GEORGE HARRISON: The high was nice, but it wasn’t worth losing any limbs over. On the plus side, if it wasn’t for Brian’s LSD, I never would’ve come up with the skintar.
NEIL ASPINALL: A few days before we were to leave on a tour of the Far East—and while he was in the midst of his leprosy problem—George rang me up and told me to get to his flat immediately because he had something to share. When I showed up at his place an hour later, I rang the bell, and he yelled, “Come in! Door’s open! I’m not leaving the house!”

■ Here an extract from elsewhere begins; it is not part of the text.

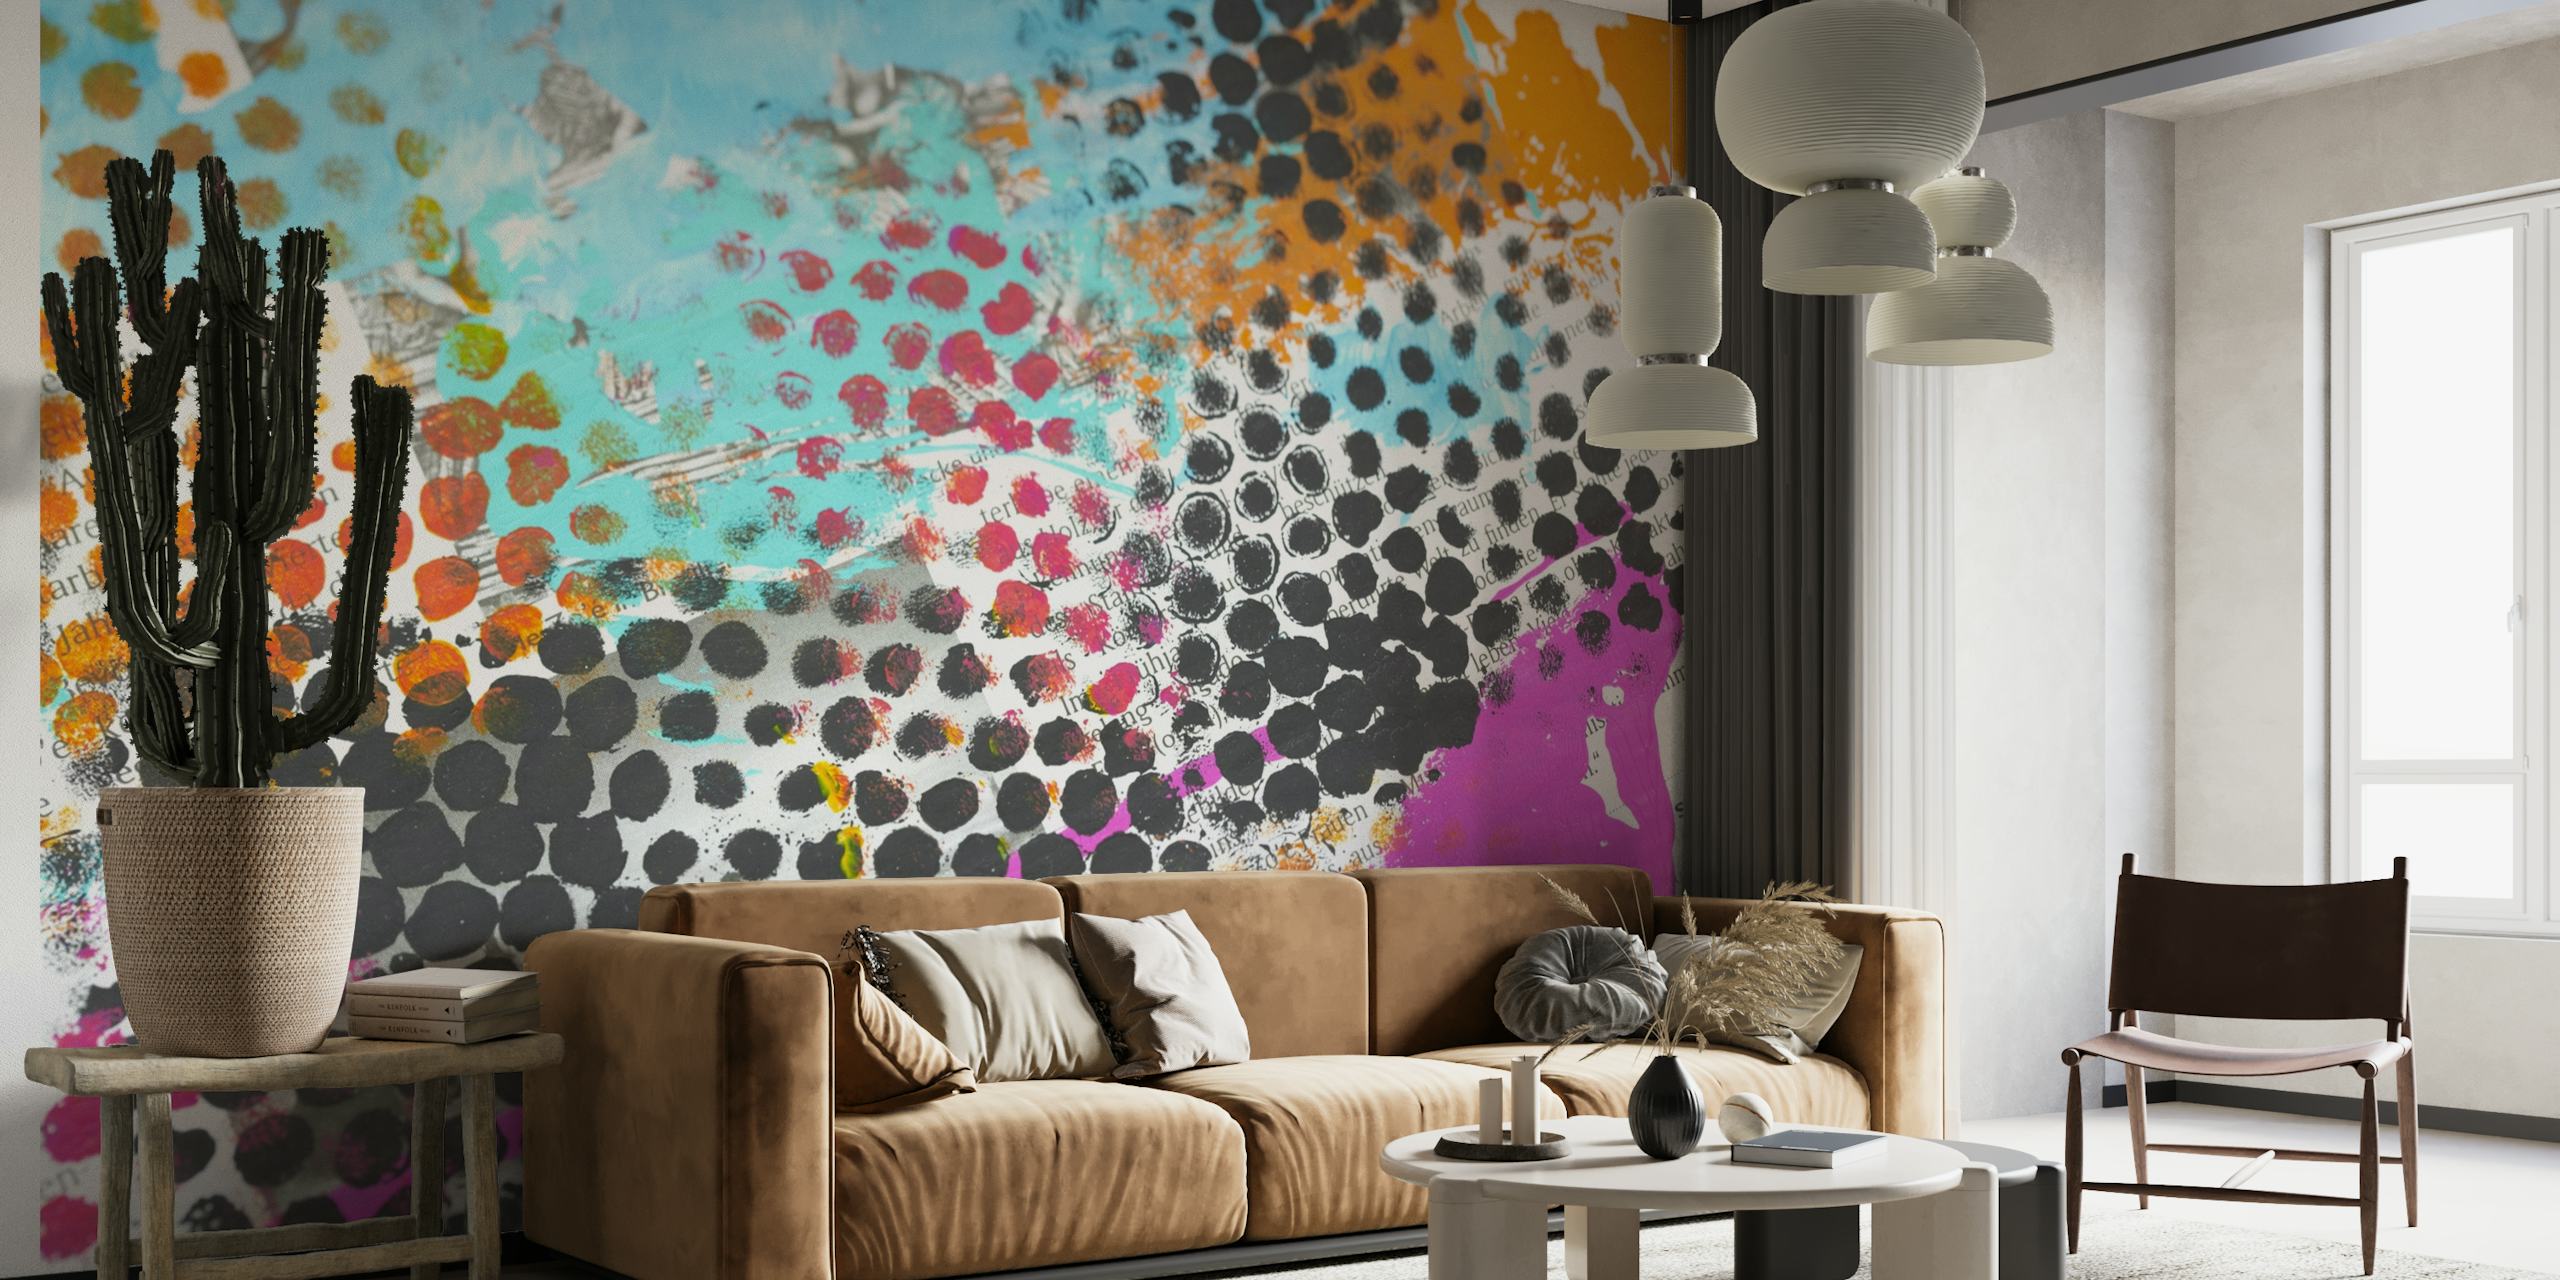 Farverigt vægmaleri i grunge-stil med prikkede mønstre og livlige farver

One look at him, and I understood why he didn’t want to be seen in public. Aside from the fact that one or two of his fingers plopped onto the floor every few minutes, his skin was, well, his skin was gone. Okay, it wasn’t totally gone, just the first two layers, and the one layer that was left was translucent; I could see practically every bone, organ, and muscle in his body. It was very Midpointery. I told him, “Looking good, Georgie. Leslie Langley’s been asking about you. Why don’t you give her a jingle? You’re as handsome as I’ve ever seen you.”
He said, “Very funny. Listen, I have something very serious to share. You’re the first person who’s ever seen this, and you can’t be judgmental about it, and, most important, you can’t freak out.”